Calcifications were found to be present throughout the costal cartilage and ranged from small diffuse calcifications, to nodes, rods, plates, and even large complex structures that exhibited microstructural morphology similar to the cross-section of diaphysial bone, with a dense shell surrounding a trabecular core. The solid microstructure was most common for calcifications (44.5%), and the morphologies were found to vary by location, with rods and plates being most prevalent on the periphery of the cartilage (91.7% of all rods, 98.4% of all plates). On average, the calcifications and adjacent rib bone exhibited similar mineral densities (660mgHA/cm³) and the calcification volume fraction (VF) was as high as 20%, comparable to that of the rib bone.

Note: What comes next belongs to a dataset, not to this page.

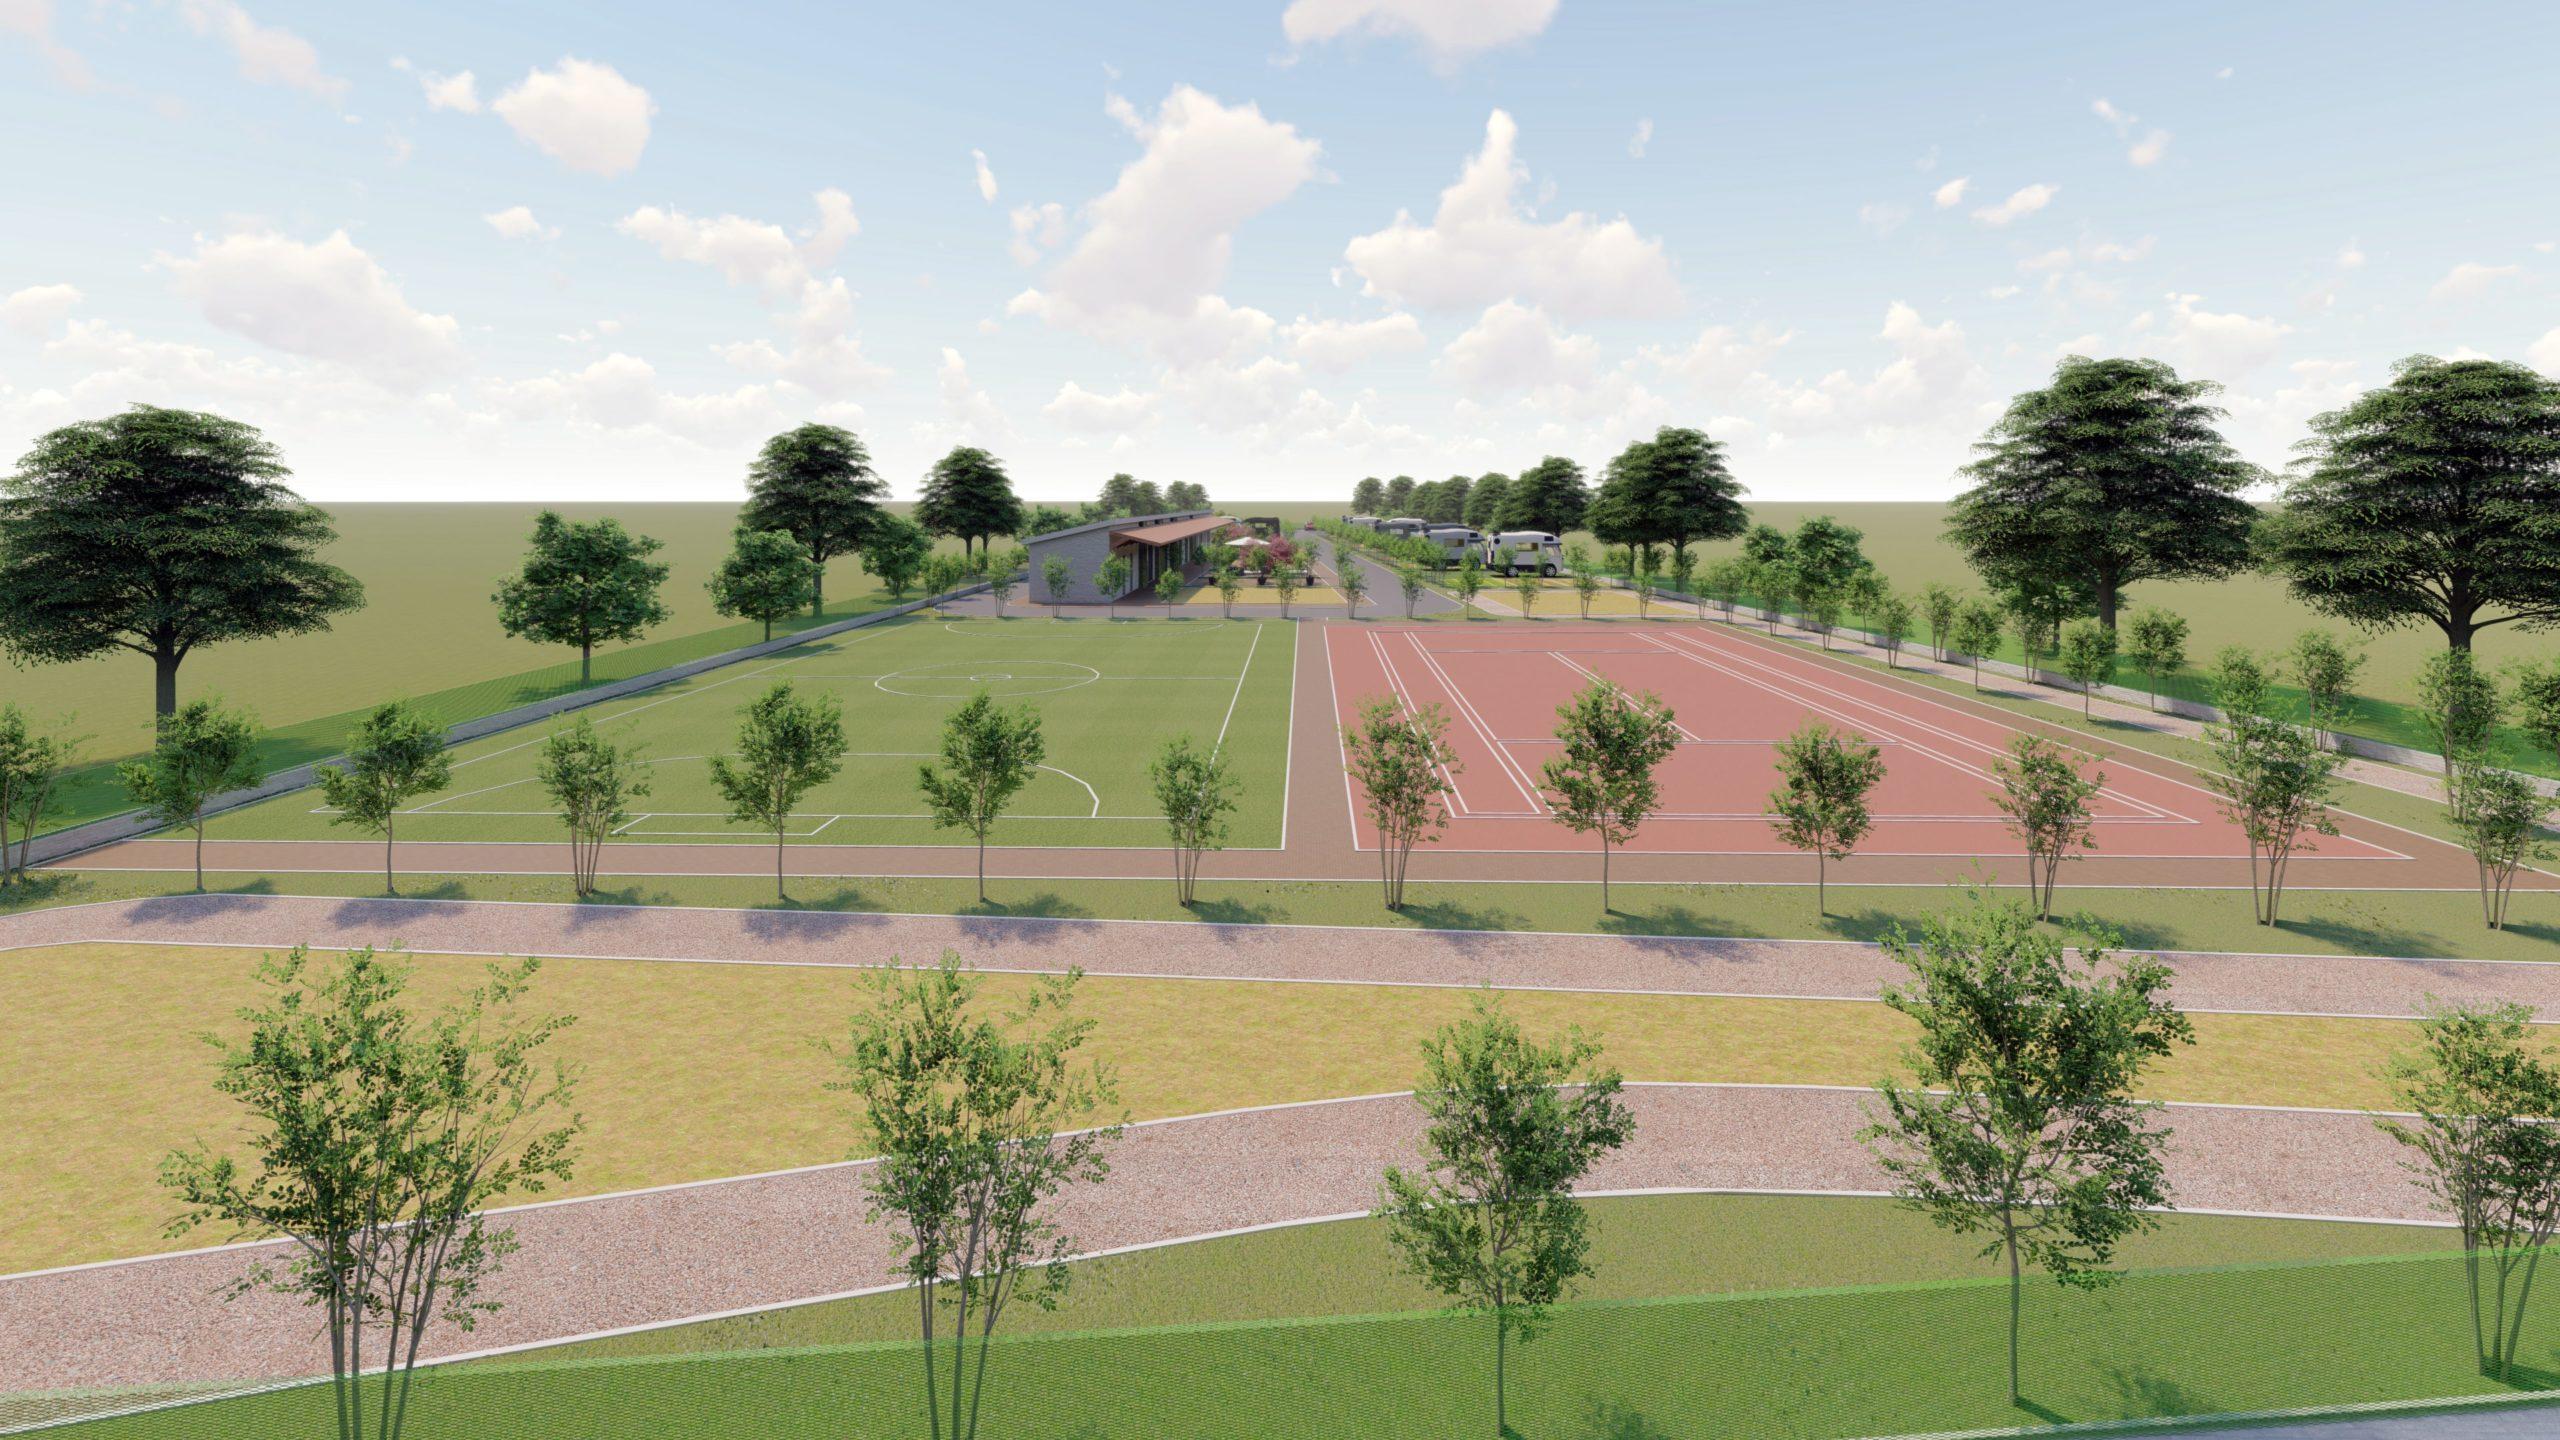 Agricampeggio Area sport 1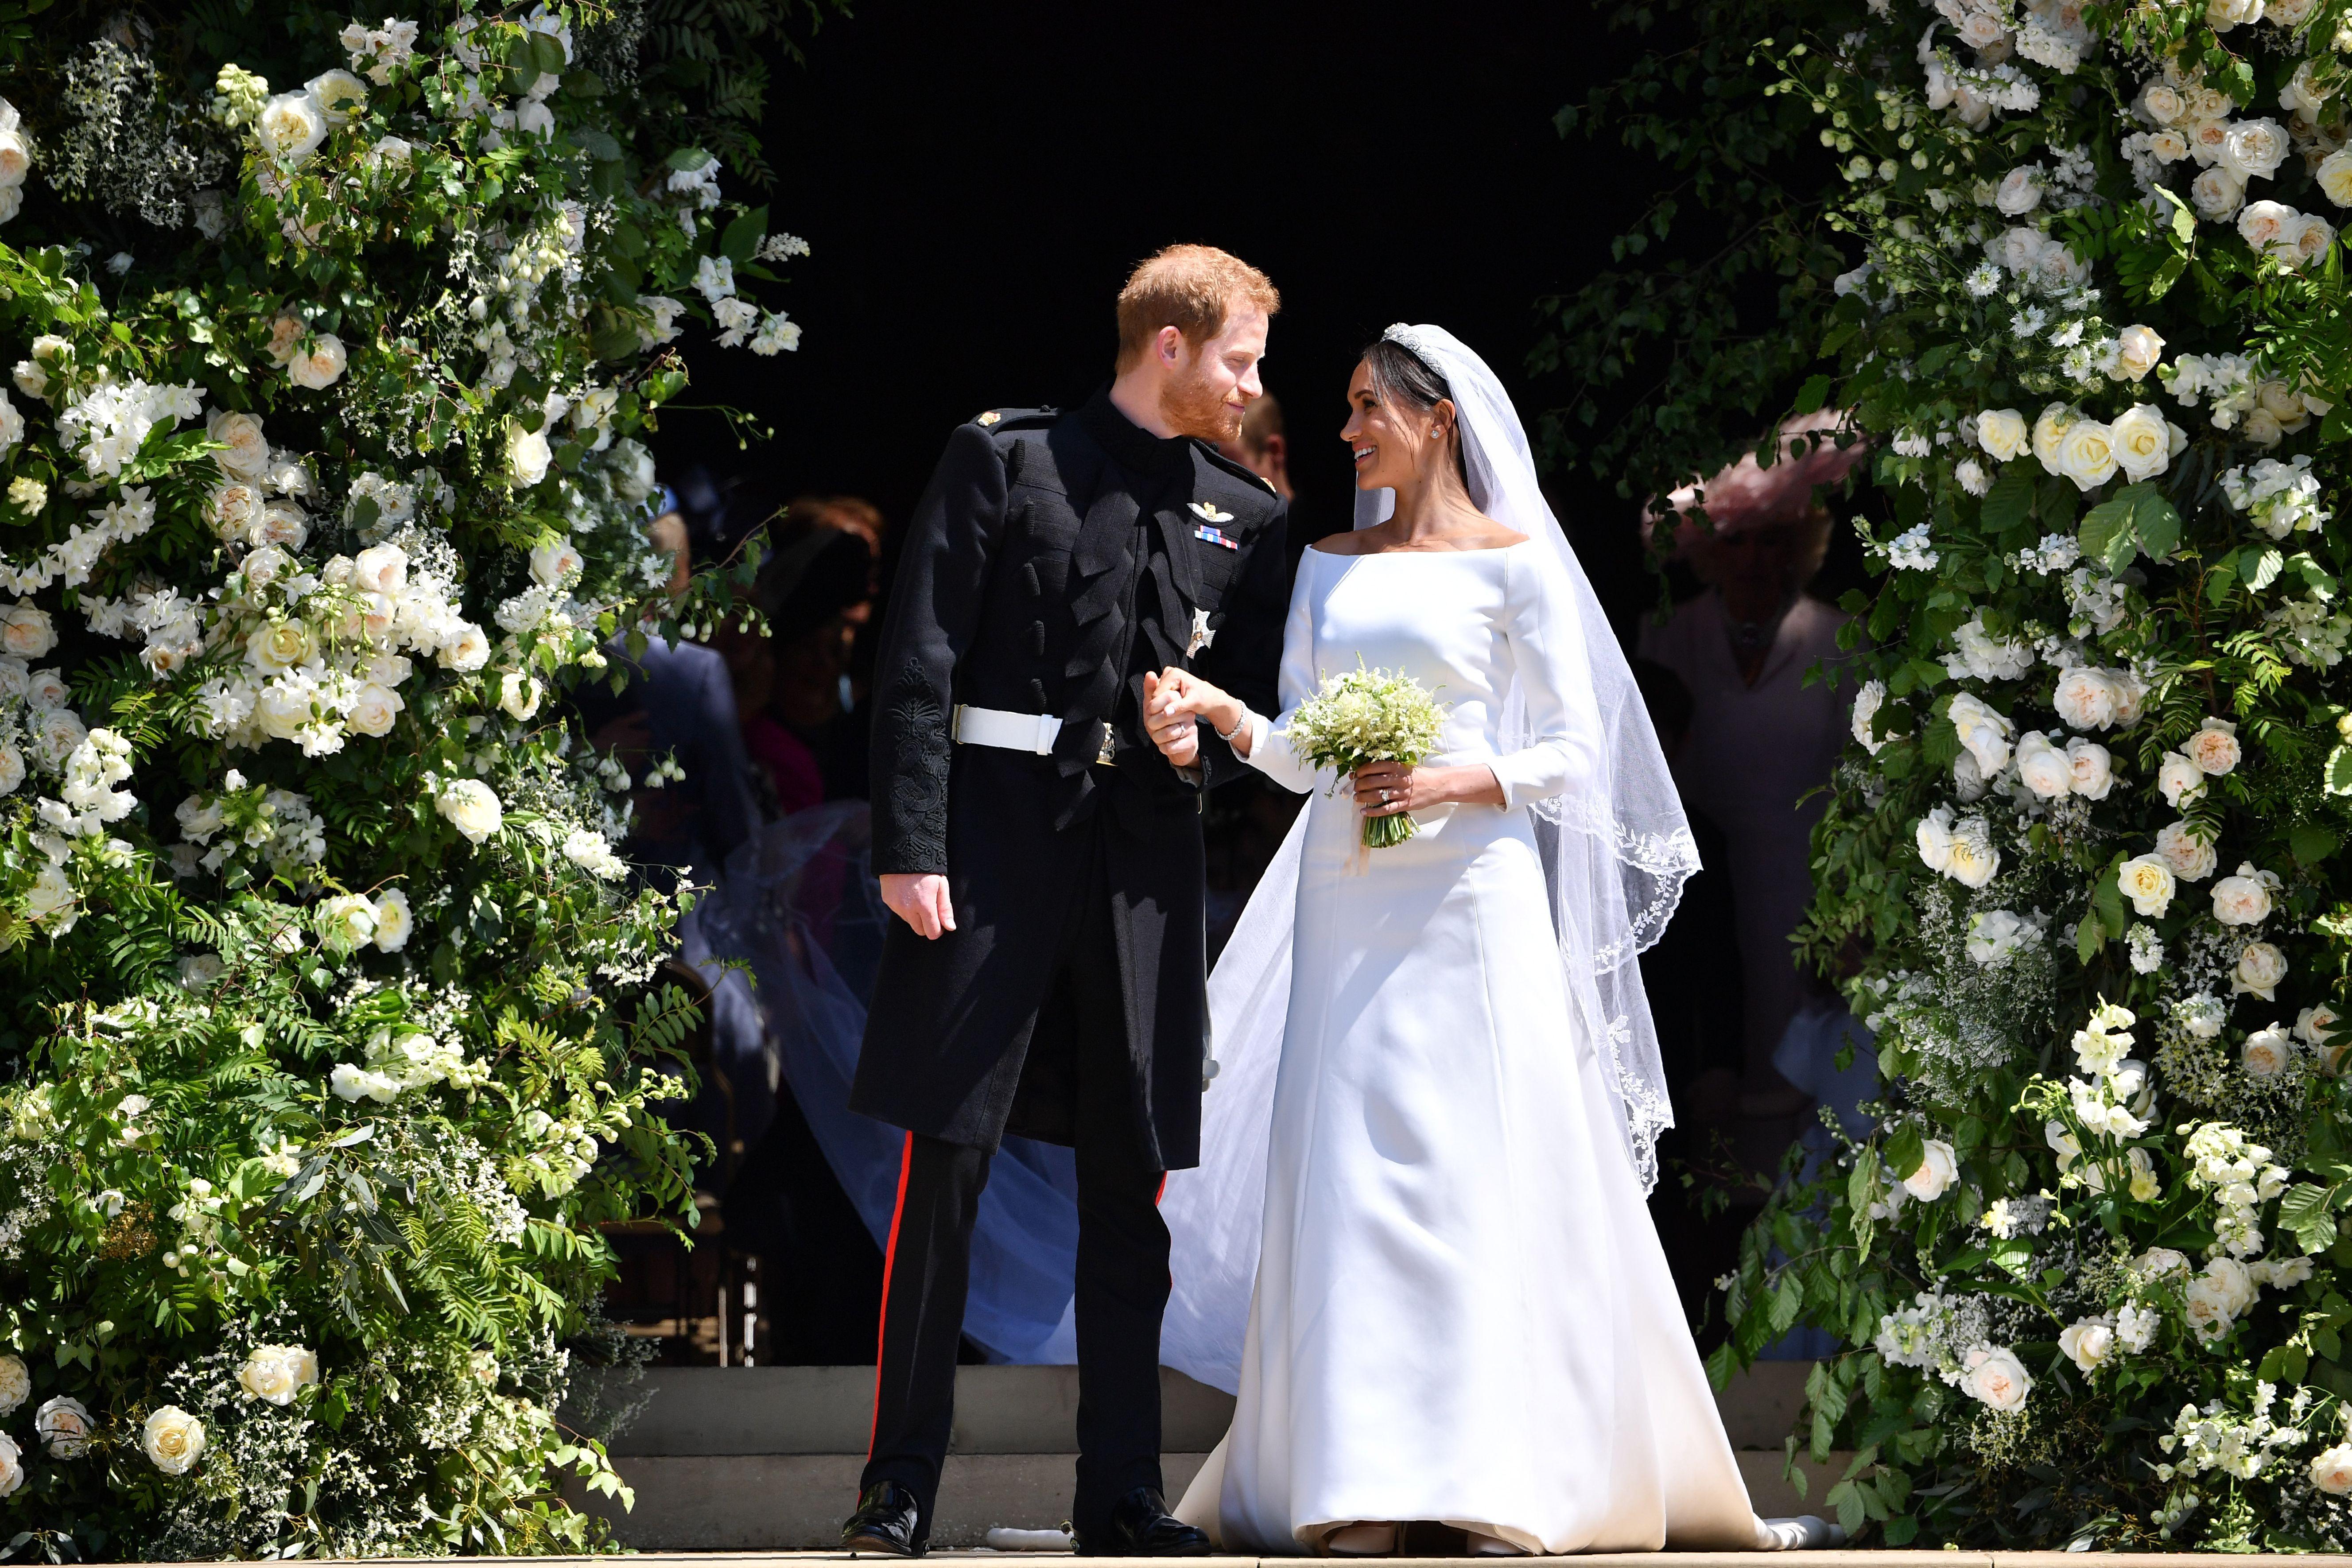 Prince harry meghan markle royal wedding decorations what will the prince harry meghan markle royal wedding decorations what will the royal wedding look like izmirmasajfo

Localized regions of calcification had mineral densities as high as 1200 mgHA/cm³, which was much higher than exhibited in the rib bone (814 mgHA/cm³). On the structural level, the average length of contiguous calcification infiltrating from the costo-chondral junction into the costal cartilage was 19.21 ± 11.65 mm. A calcified cartilage material model was developed using the morphologies of calcifications obtained from microCT and the relaxed elastic modulus of the human costal cartilage obtained from indentation testing (E_∞ = 5.07 MPa). The homogenized model of calcifying cartilage found that the calcifications alter the effective material behavior of the cartilage, and the effect is highly dependent on the microstructural connectivity of the calcification. Floating calcifications with limited connectivity ranging from 0-18% VF resulted in effective elastic moduli up to 8MPa compared to the baseline value of 5 MPa for the cartilage. Attached calcification with high connectivity, typically corresponding to higher VF 18-25% resulted in effective moduli of 20-66 MPa, and depending on the microstructure, began to introduce anisotropy to the material. The calcifying cartilage model developed in this dissertation can be incorporated into biomechamical models of the aging thorax to better understand how calcifications in the aging thorax affect the structural response of the rib cage.